**Source data:**
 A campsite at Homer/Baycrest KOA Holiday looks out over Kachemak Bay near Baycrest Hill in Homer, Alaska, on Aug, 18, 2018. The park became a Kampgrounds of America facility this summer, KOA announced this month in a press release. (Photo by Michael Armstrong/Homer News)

* * *

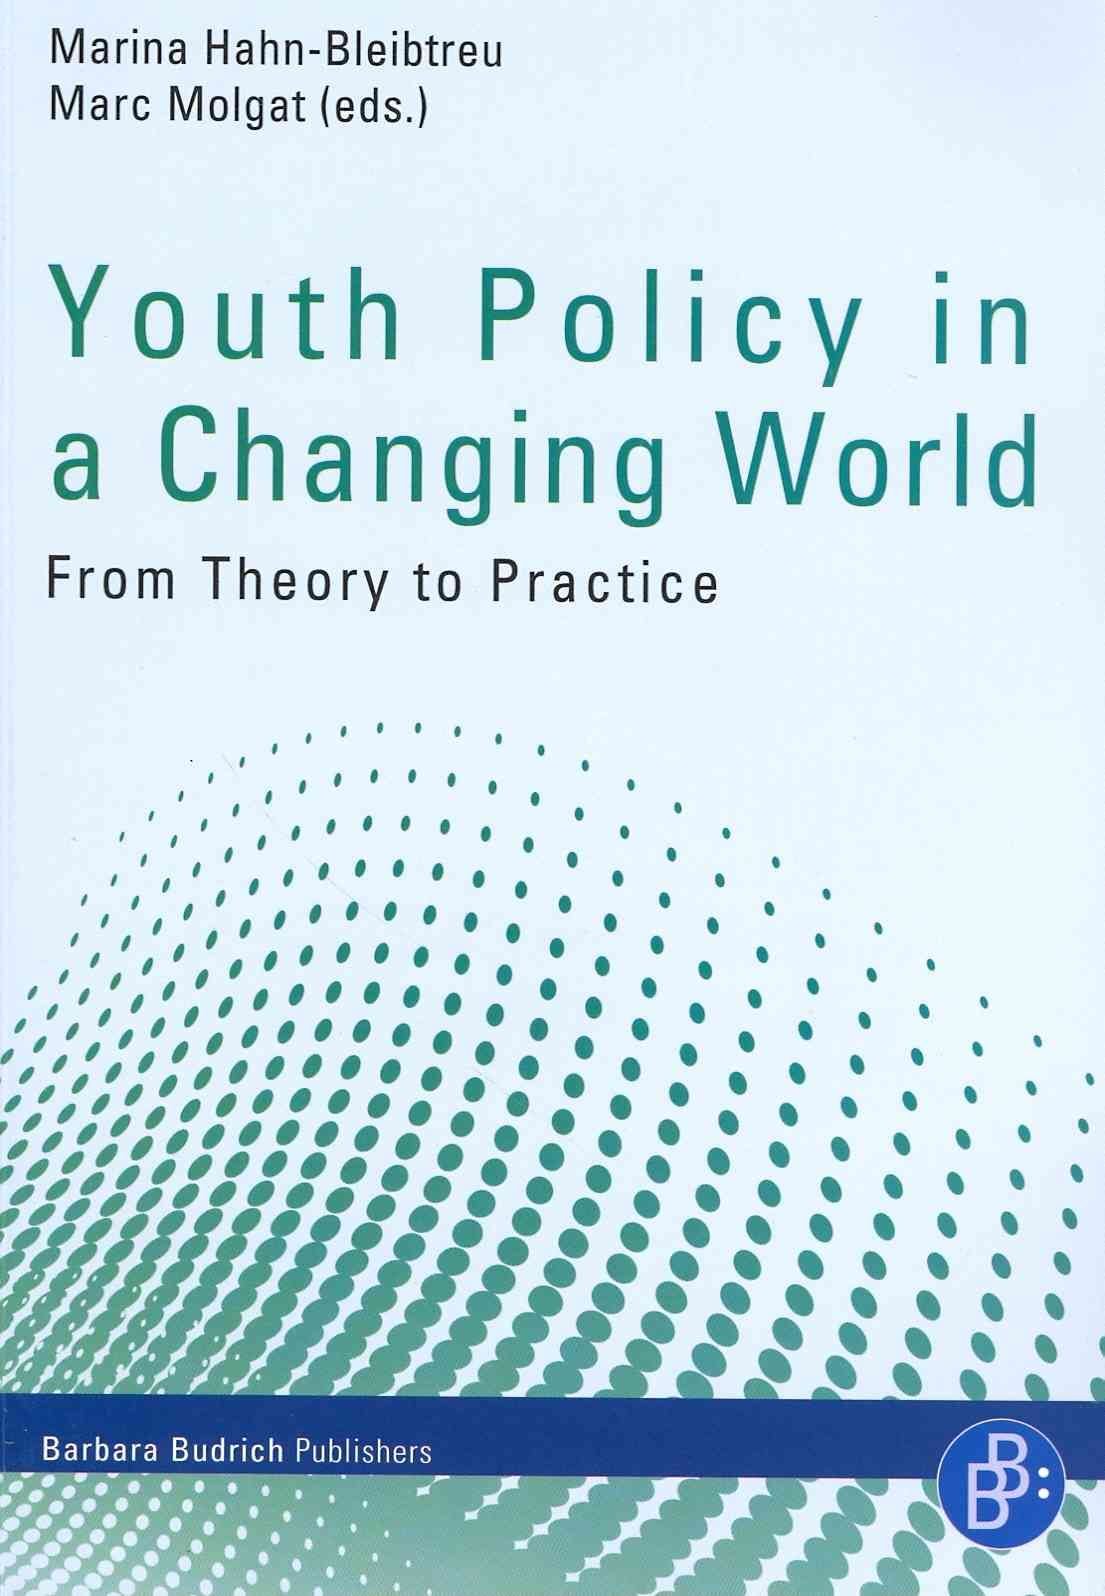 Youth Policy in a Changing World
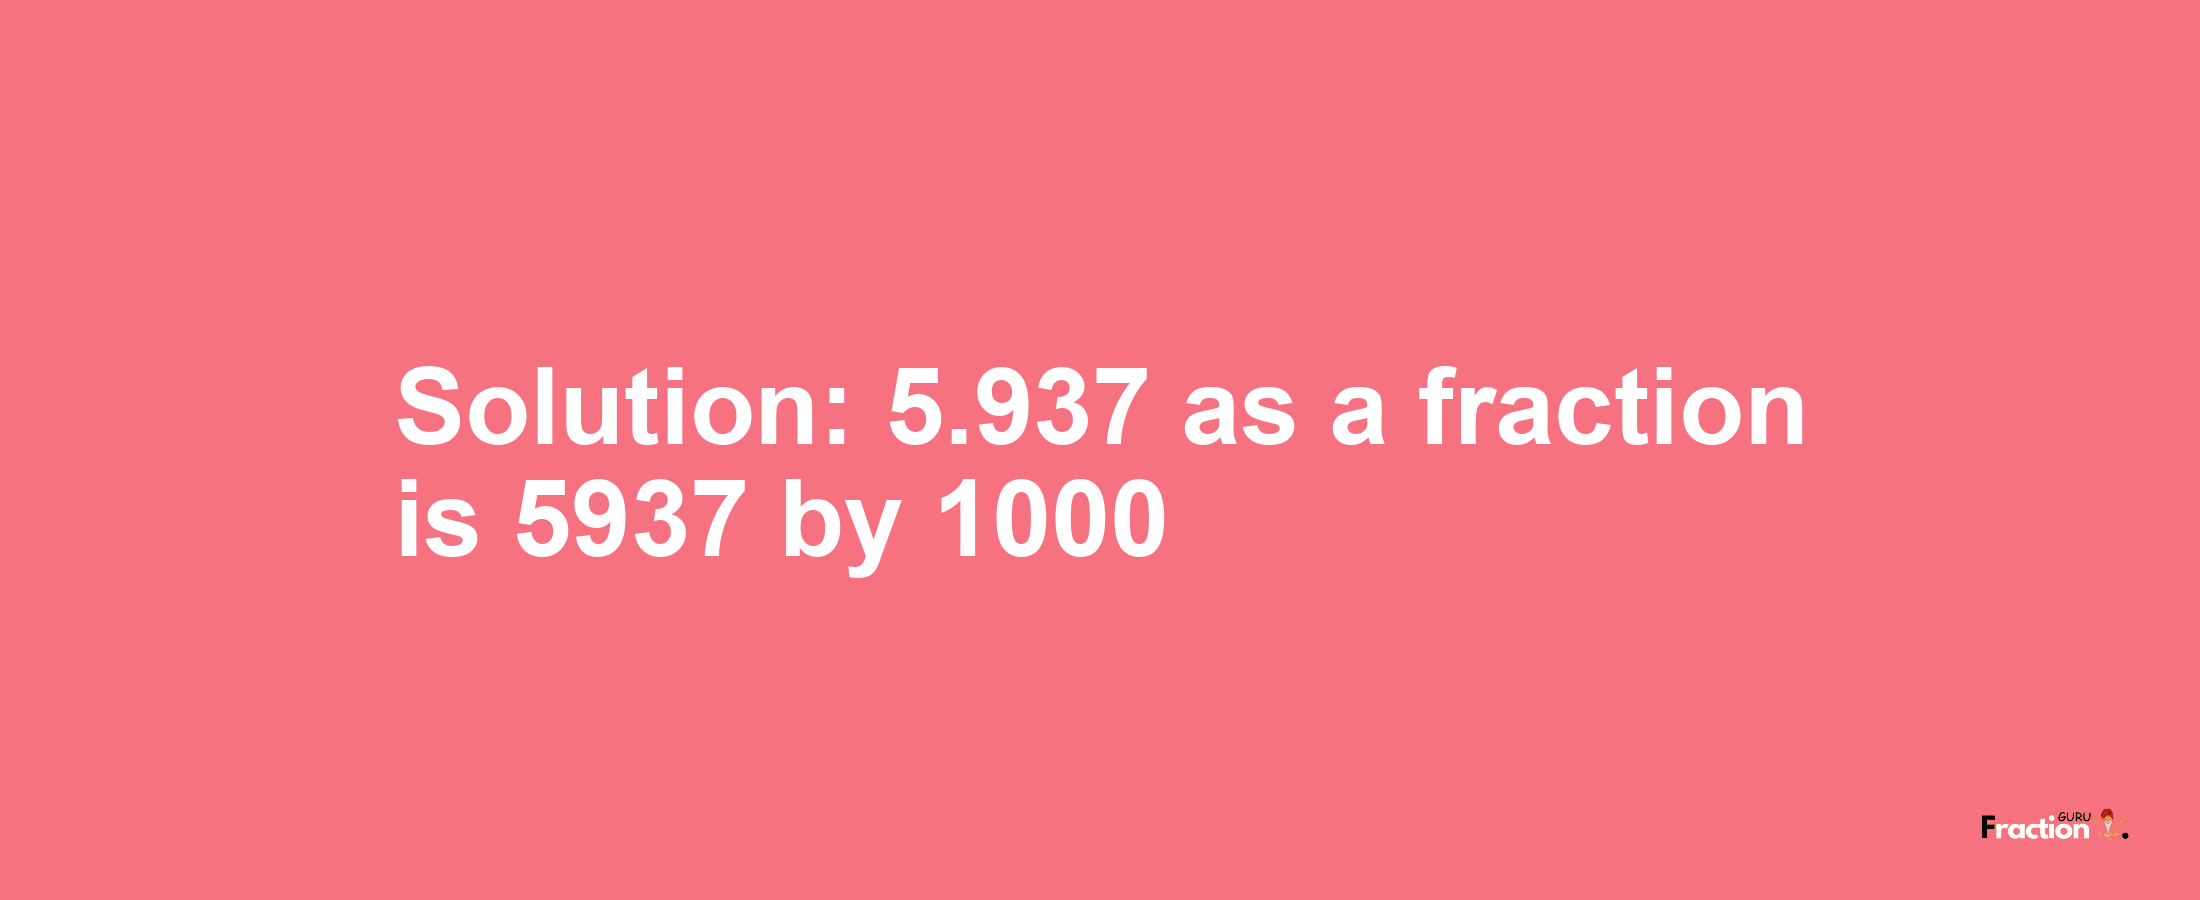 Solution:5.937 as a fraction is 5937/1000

==

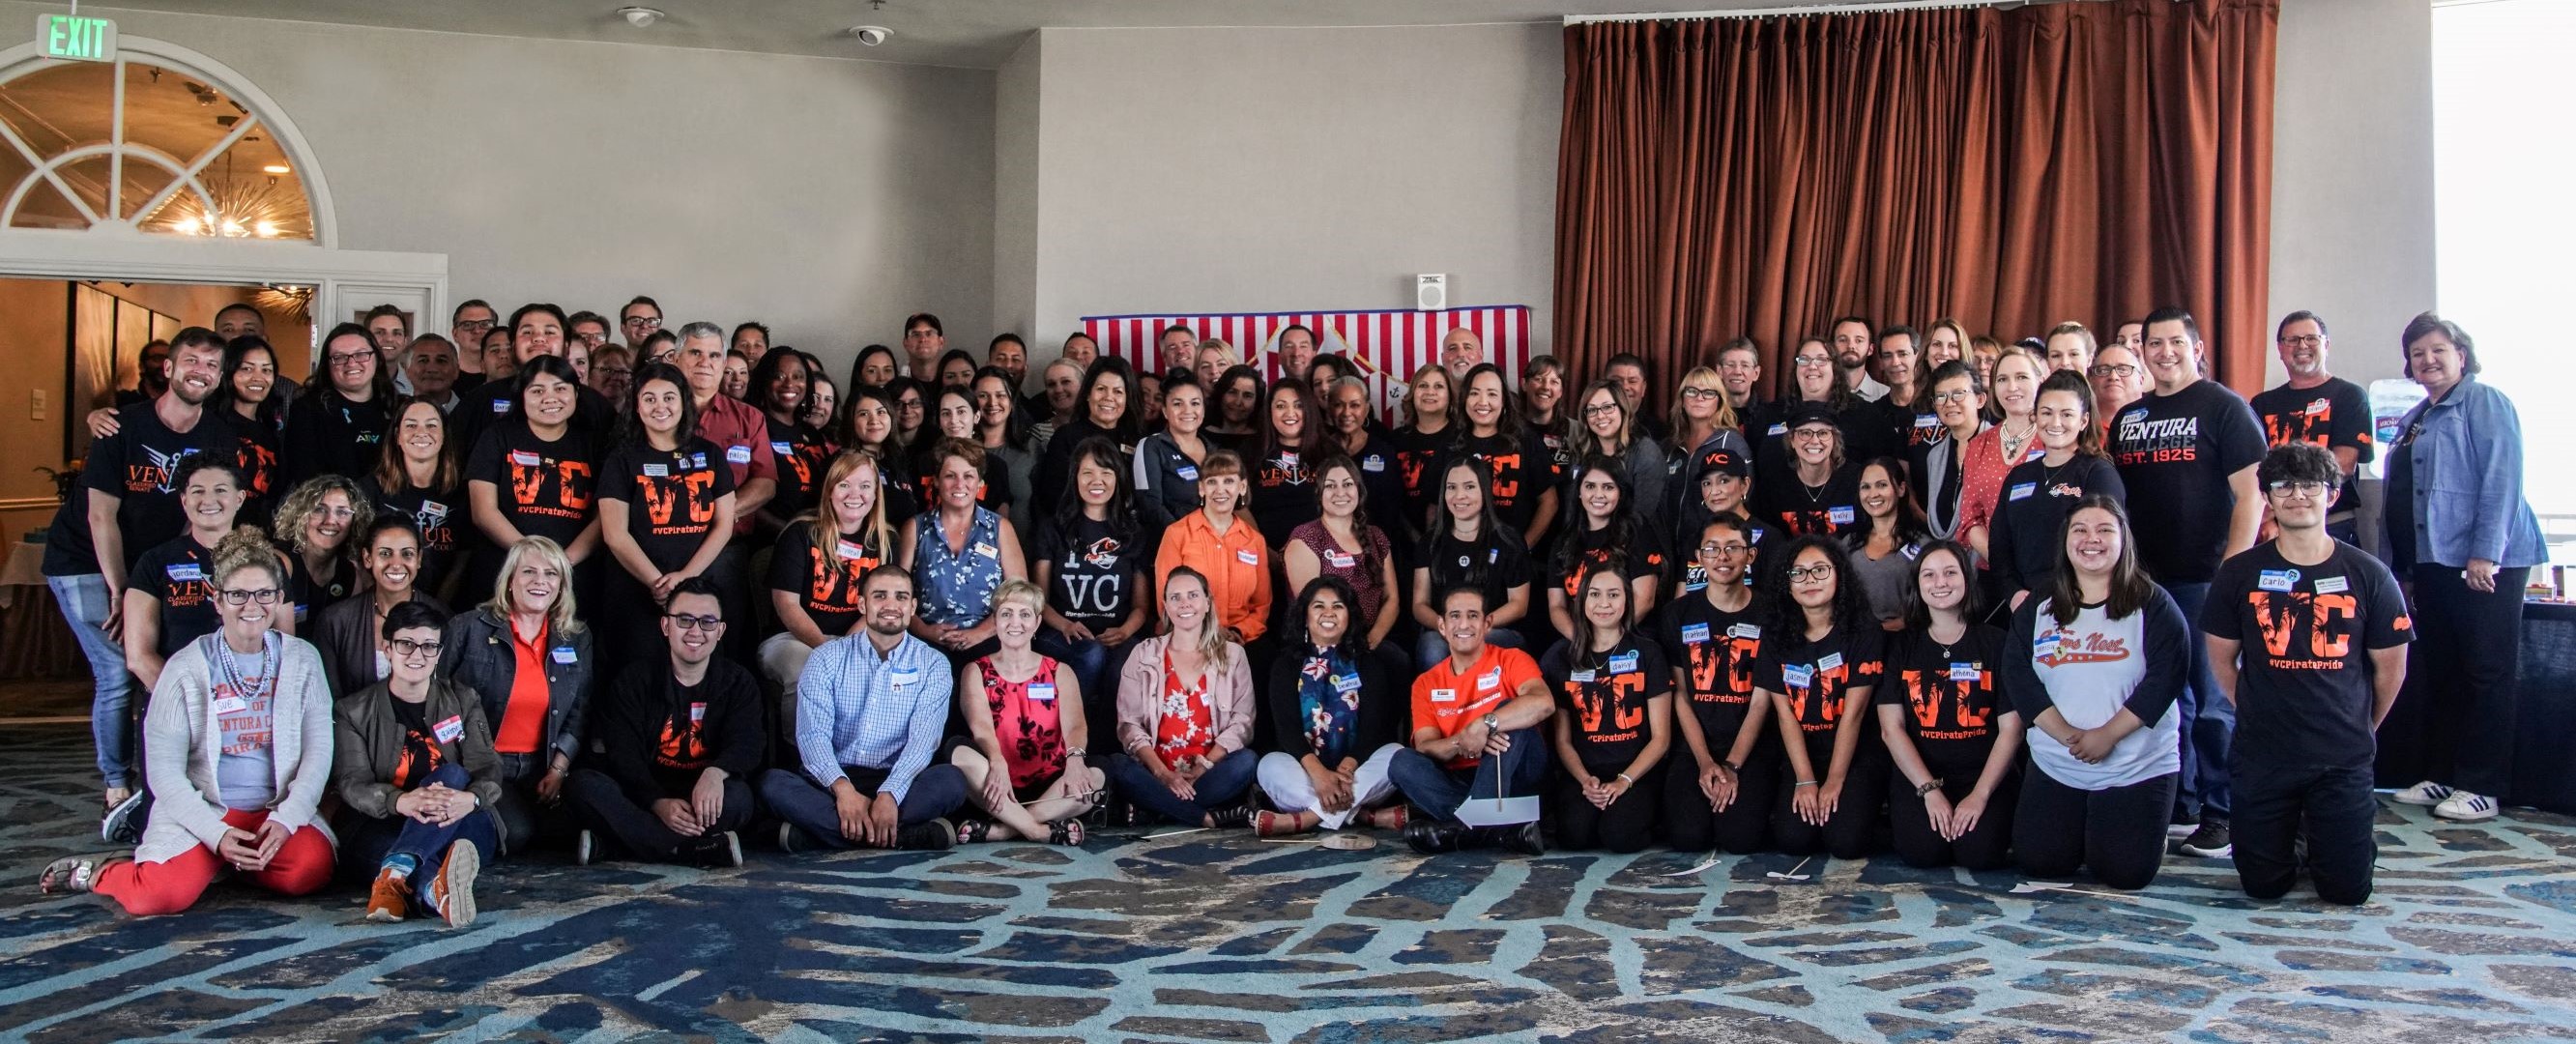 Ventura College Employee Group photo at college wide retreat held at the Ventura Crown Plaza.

**Exercise brief:** All that should appear in the answer is the lines above from the line with "Youth Policy in a Changing World" through the line with "Solution:5.937 as a fraction is 5937/1000", retyped exactly, pictures left out.

**Task answer:**
 Youth Policy in a Changing World
 Solution:5.937 as a fraction is 5937/1000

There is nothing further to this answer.